***** Data provided

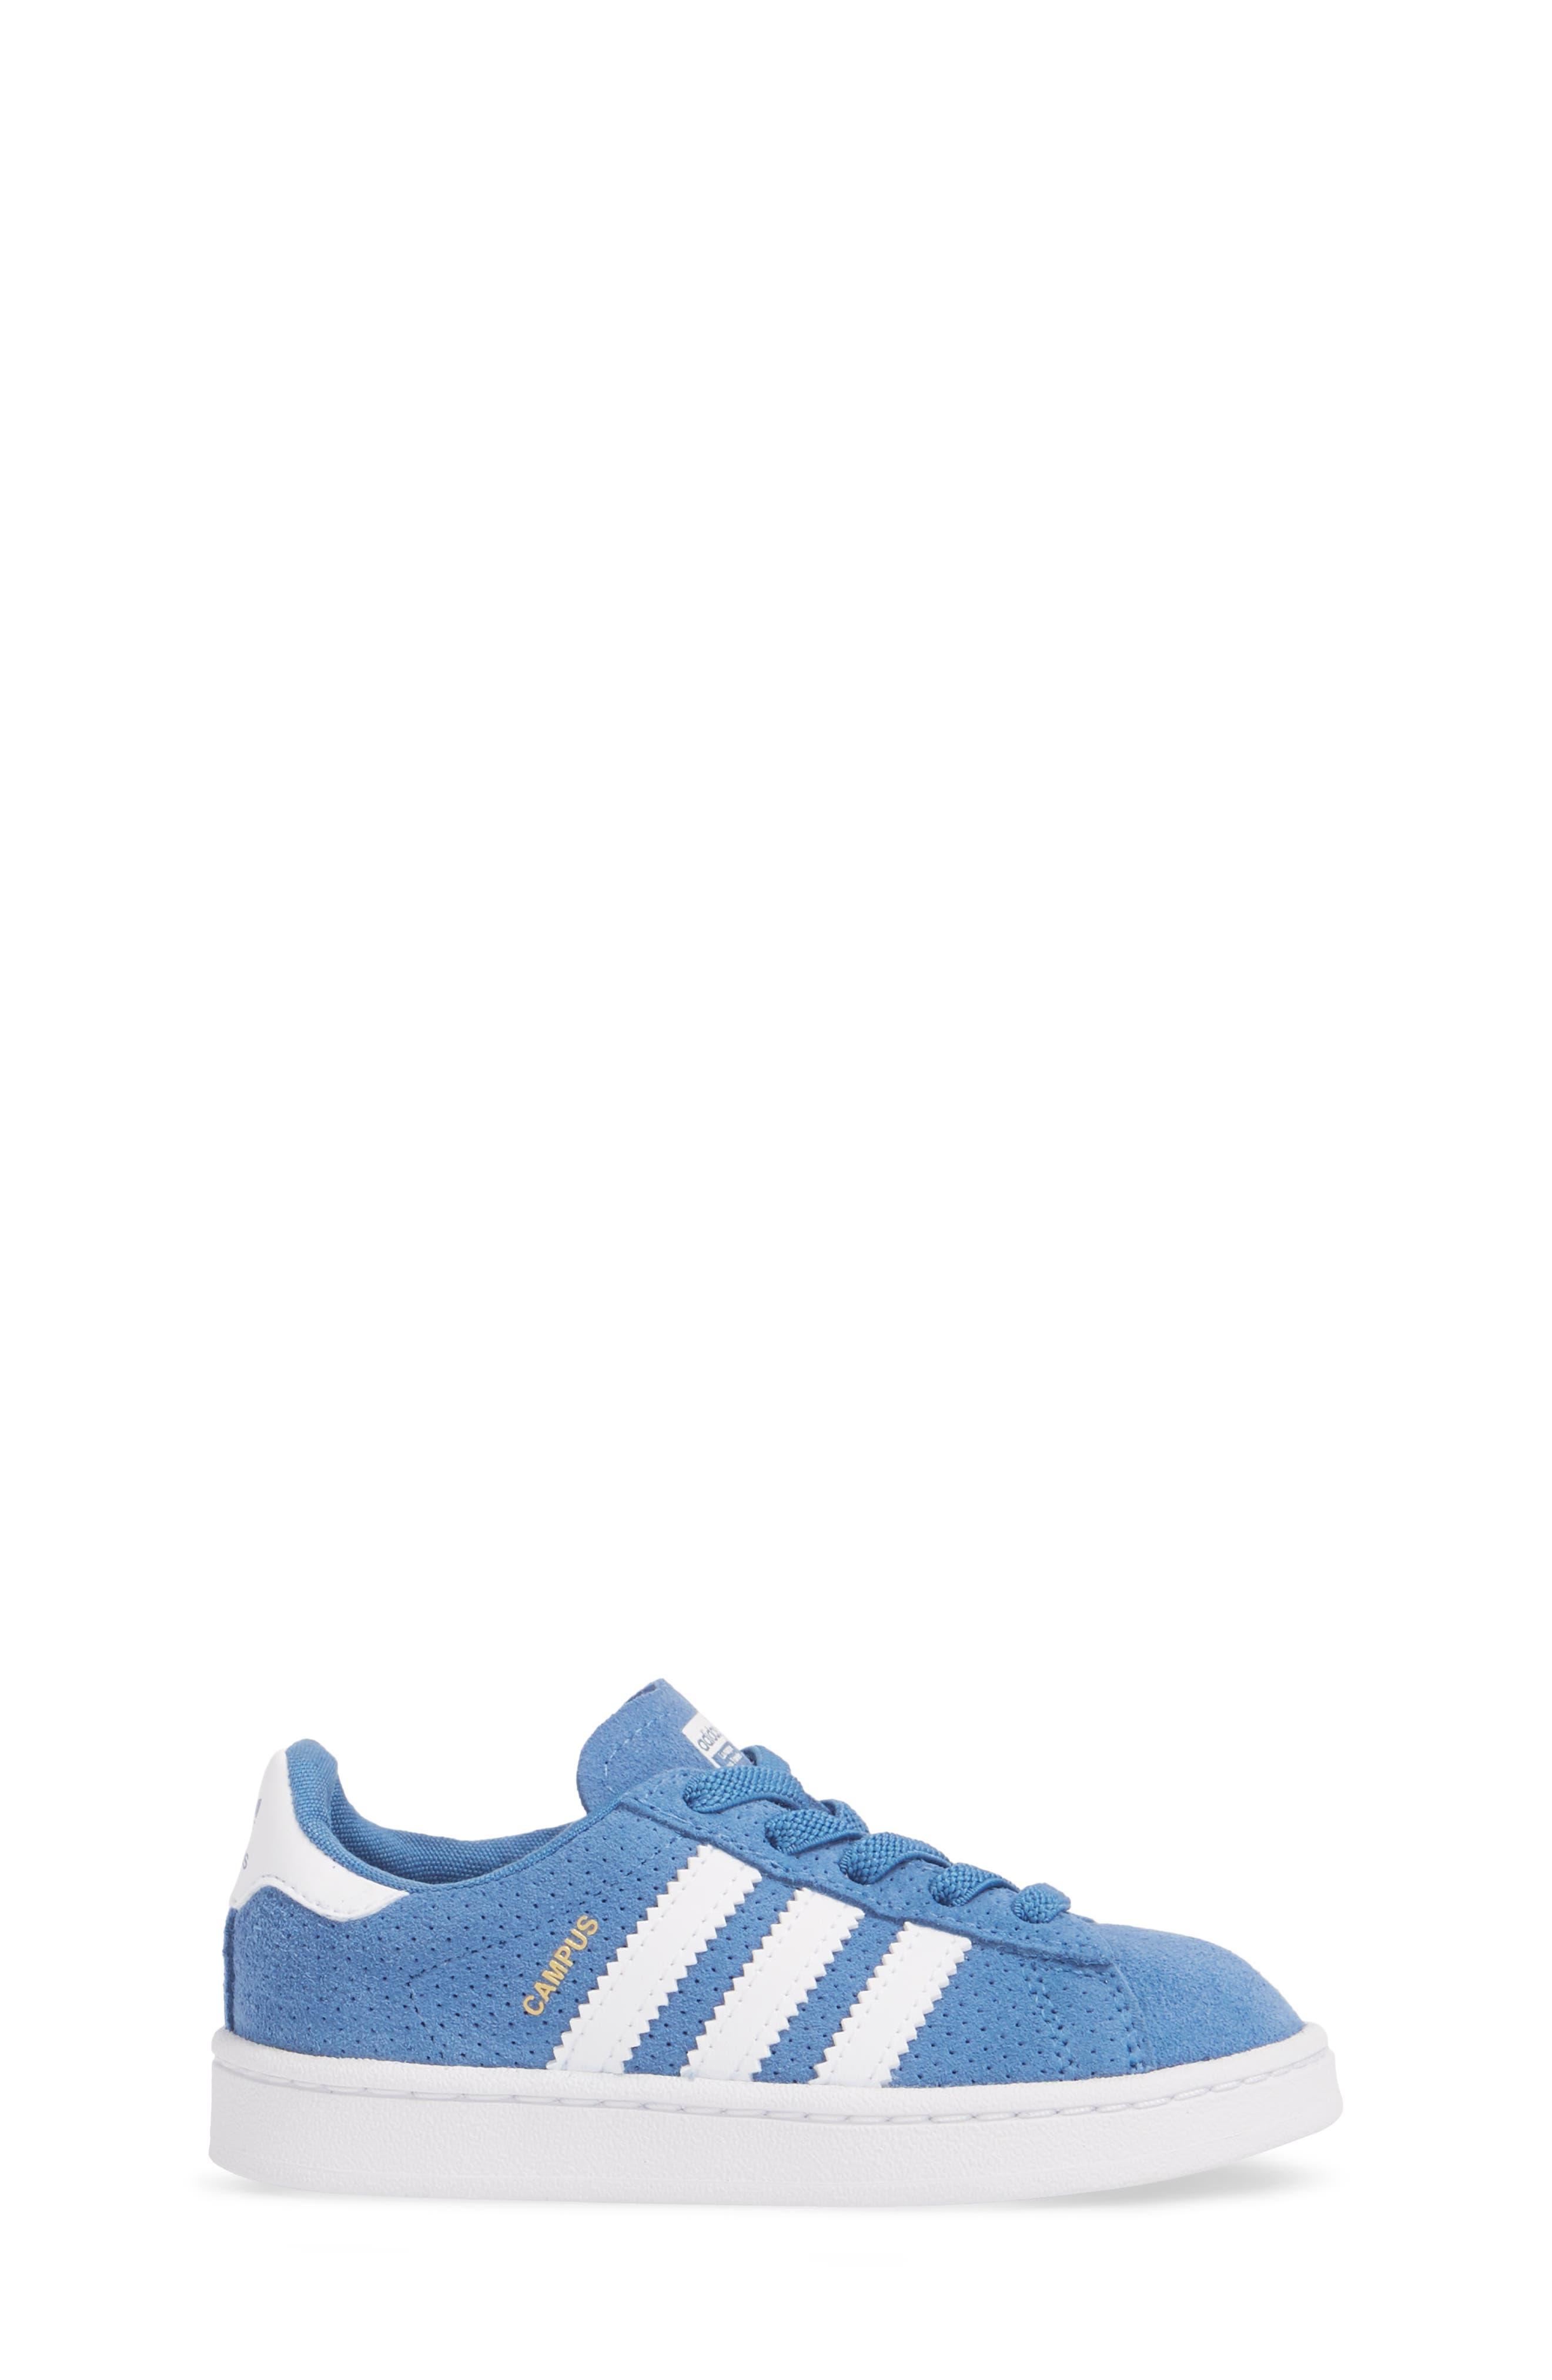 Campus J Sneaker,                             Alternate thumbnail 3, color,                             Trace Royal / White / White
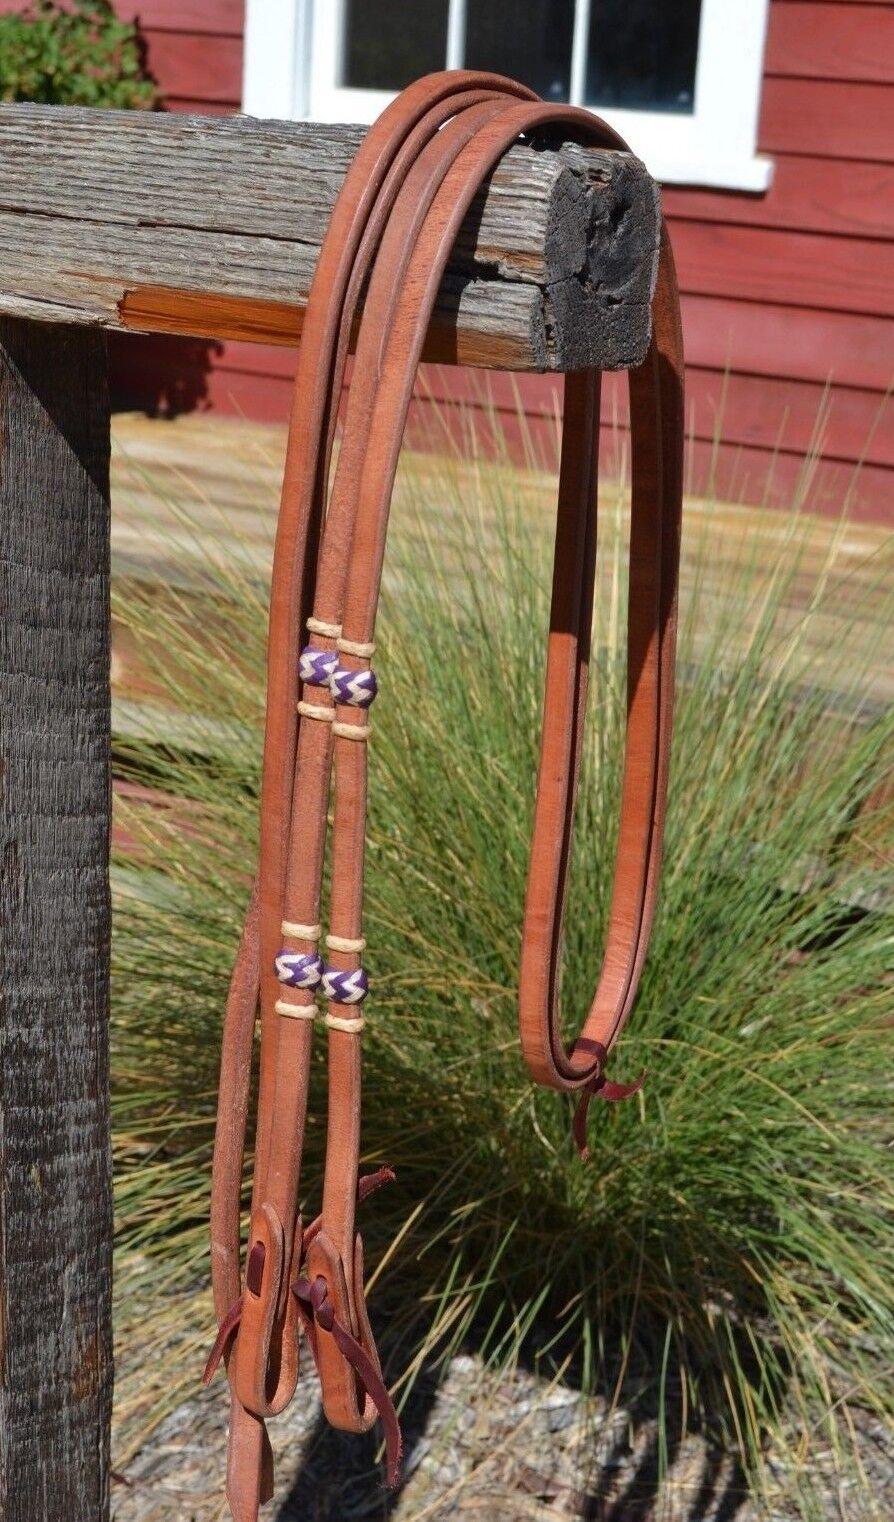 5 8  José Ortiz Arnés Split riendas trenzado cuero crudo natural púrpura nudos - 8 ft.
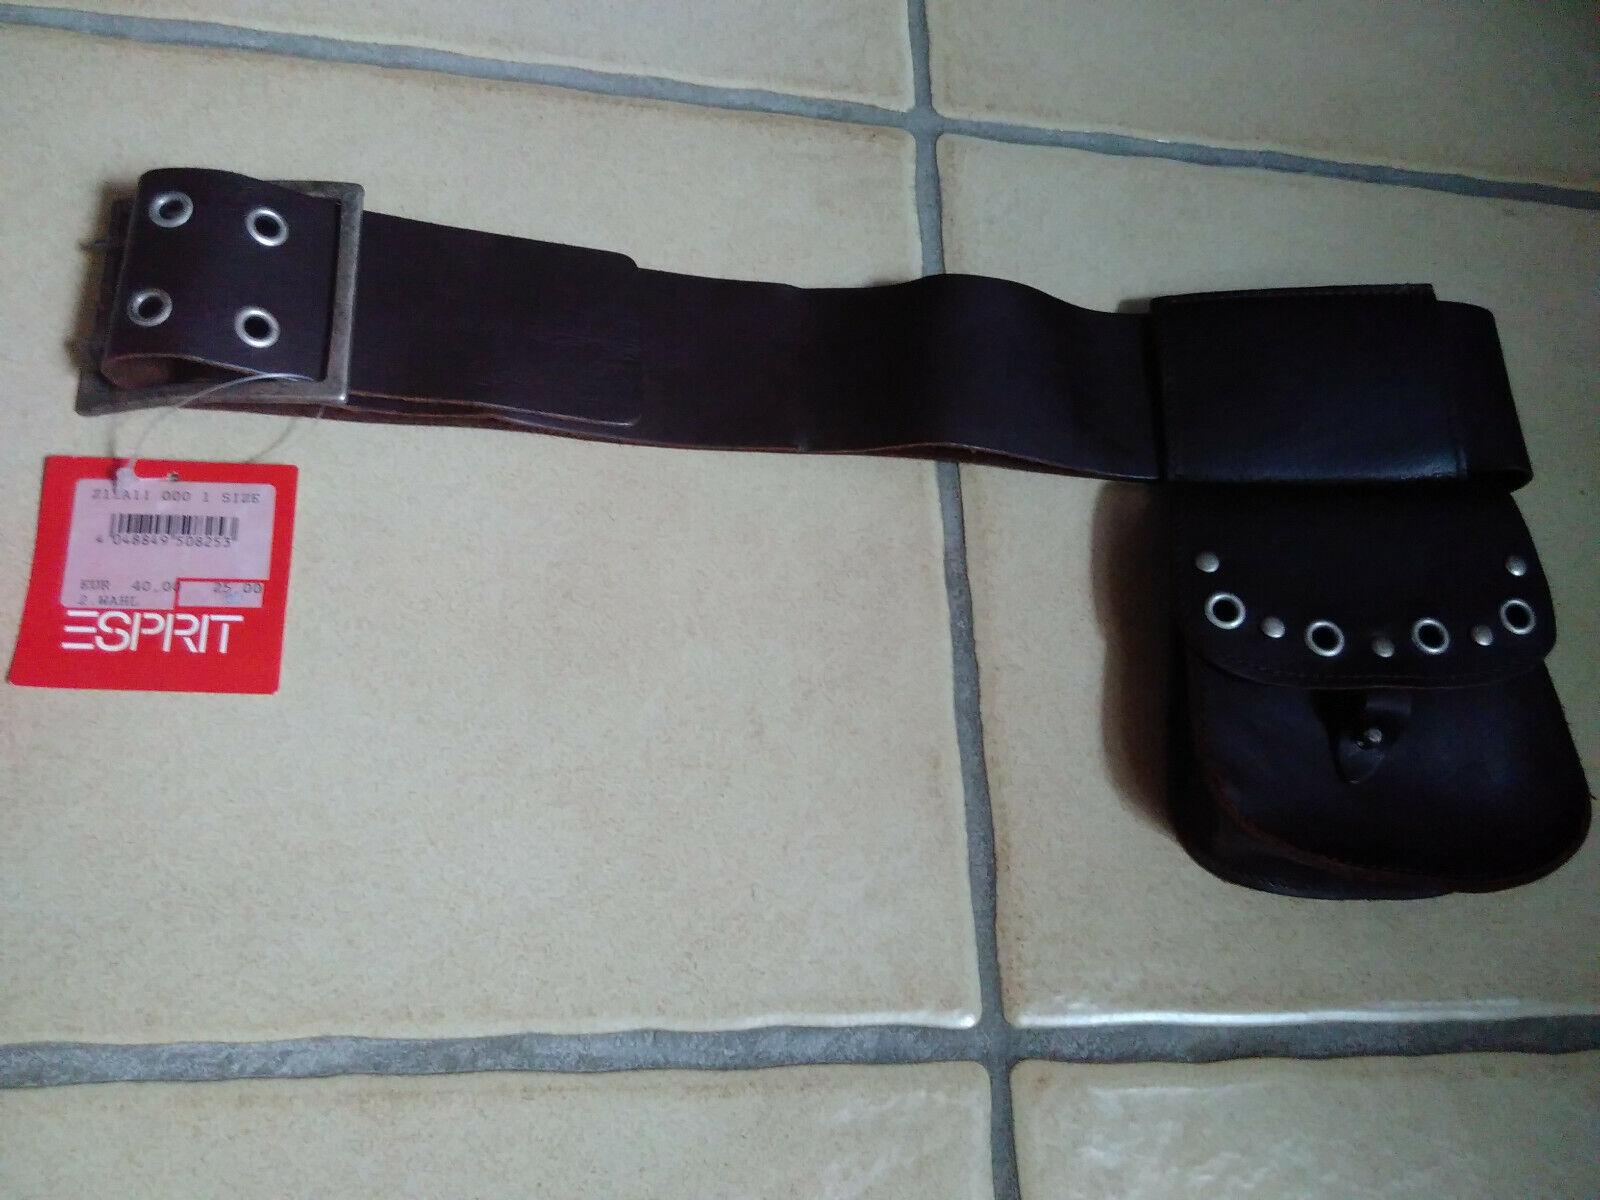 ESPRIT Taschen & Gürtel ~ Echtleder ~ Nieten ~ Braun ~ NEU

**********

* _Required work_: Quote verbatim the final run of lines in the material above, from the line that contains "nudos - 8 ft." through the very last line, excluding any pictures.

* _Answer to this problem_:
 5 8  José Ortiz Arnés Split riendas trenzado cuero crudo natural púrpura nudos - 8 ft.
 ESPRIT Taschen & Gürtel ~ Echtleder ~ Nieten ~ Braun ~ NEU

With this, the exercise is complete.